Гай не нашел достойного возражения. Дугал подметил куда больше необъяснимых мелочей, связанных с личностью человека, называвшего себя Гунтером фон Райхертом из Германии, нежели он сам. Оруженосцу Мишеля де Фармера нельзя было отказать в сообразительности или преданности (разве что обвинить в некой непочтительности к своему молодому сюзерену), однако за ним неотвязно следовали какие-то загадки.
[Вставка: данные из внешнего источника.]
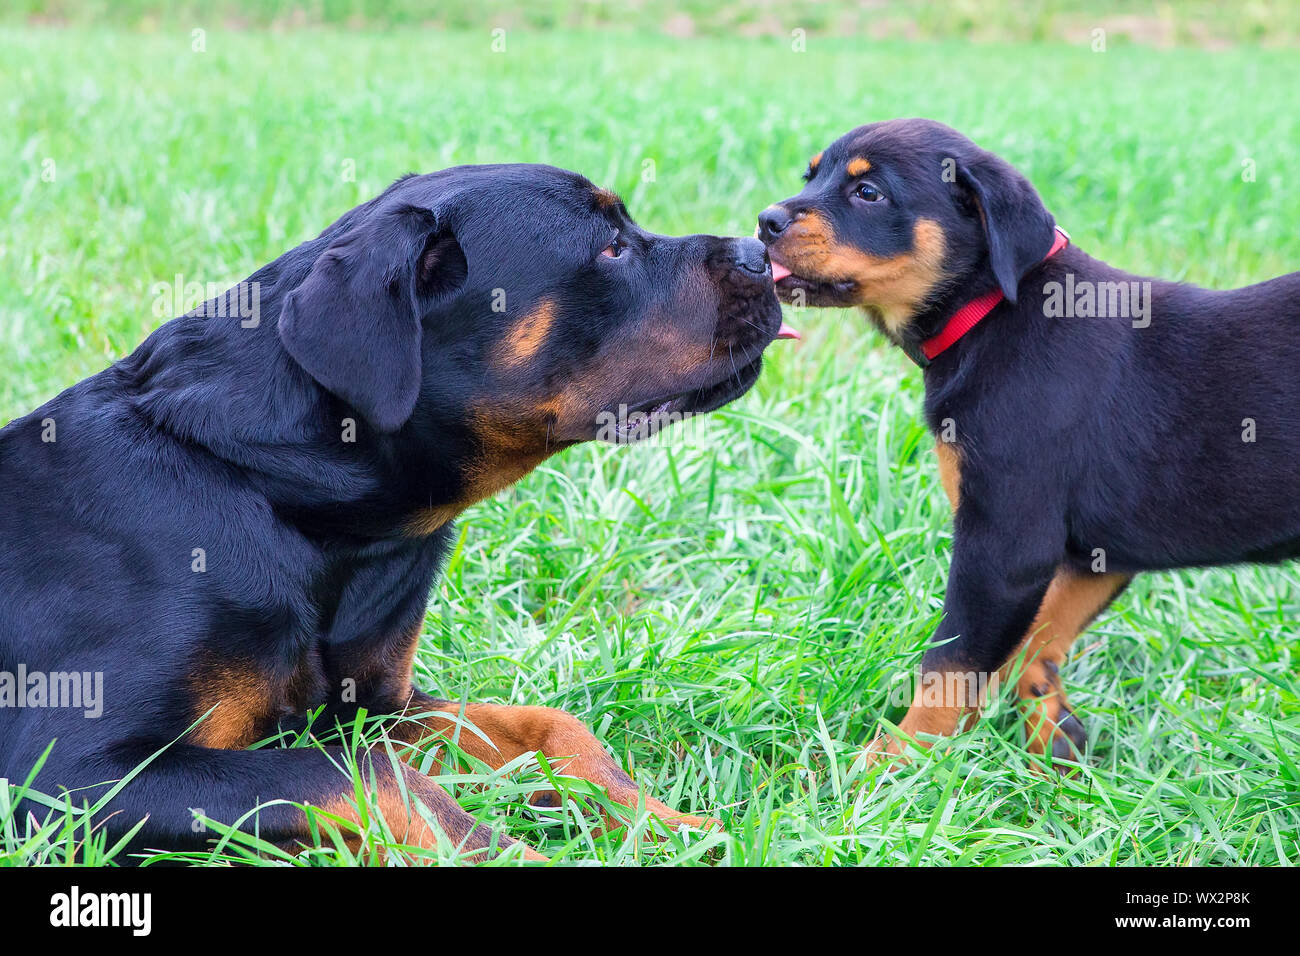 Puppy and adult rottweiler licking each other Stock Photo
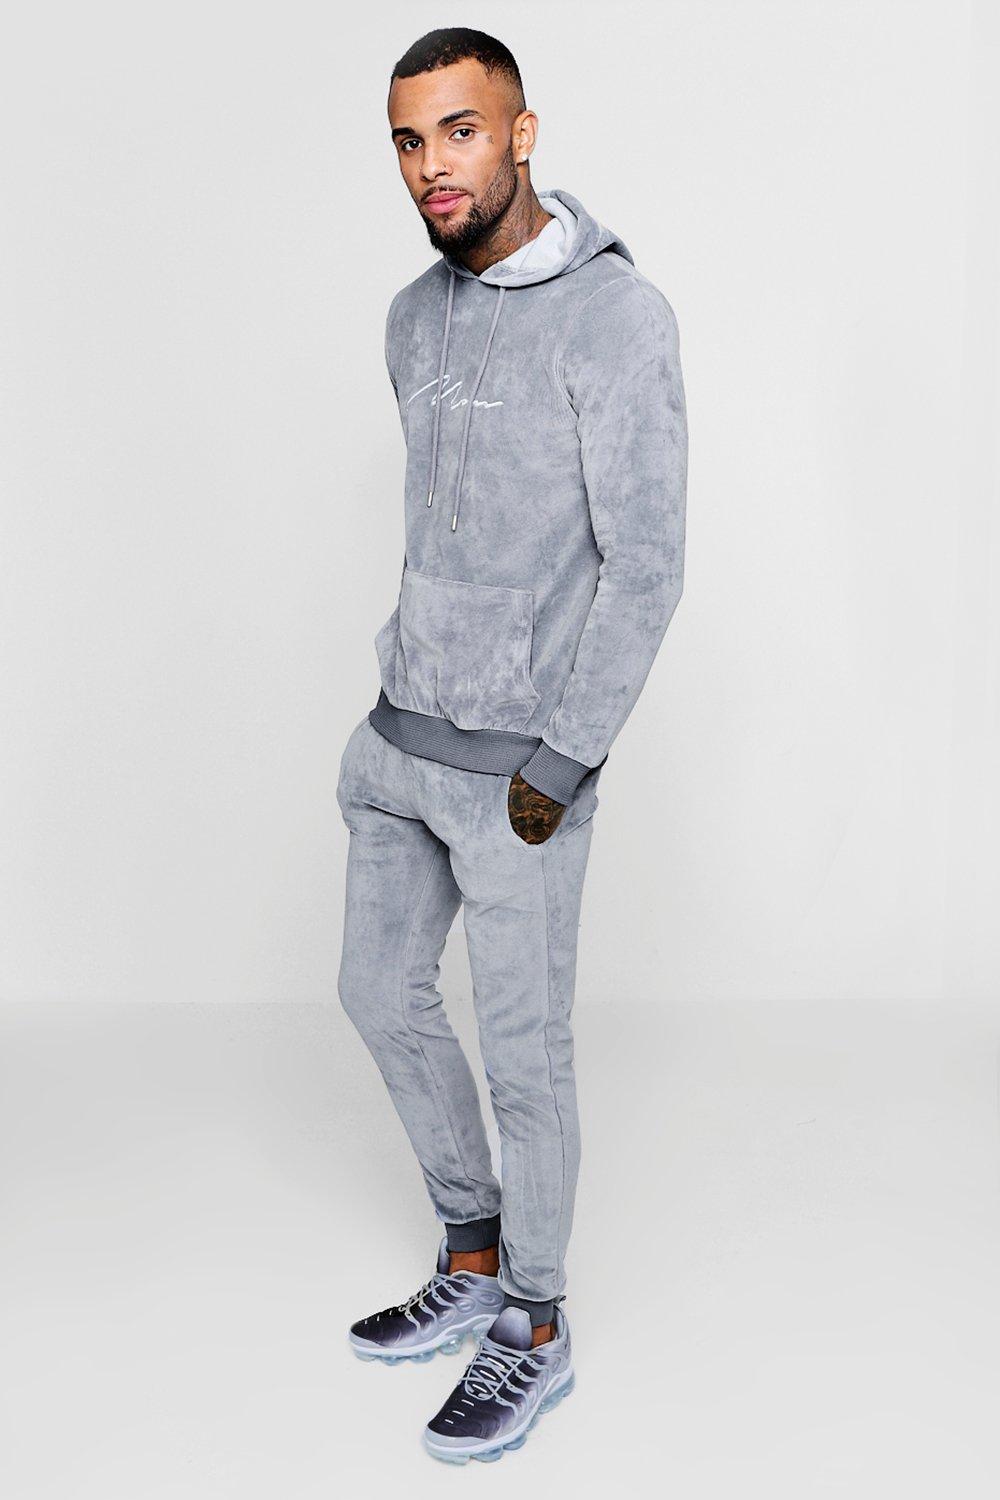 velour tracksuit mens big and tall

Речь, манеры, поведение, даже внешность – все хоть немного, да отличалось от обычных.
– Но если этот человек не тот, за кого себя выдает, что нам делать? – сэр Гисборн решил рассмотреть дело с иной, более практичной точки зрения.
– Пока ничего, – Мак-Лауд пожал плечами. – Надеяться, что все обойдется, и мы благополучно доберемся туда, куда собирались. Возможно, к тому времени все трудности разрешатся сами собой. Я не говорю, что этот Гуннар из Германии или откуда он там на самом деле – плохой человек. У него могут иметься серьезные причины вести себя именно так. Однако я бы предпочел знать правду о том, кто он такой. Пока это остается в тайне – он мне не враг, но и не друг. Думай и поступай как хочешь, только потом не говори, что тебя не предупреждали… Мы пришли.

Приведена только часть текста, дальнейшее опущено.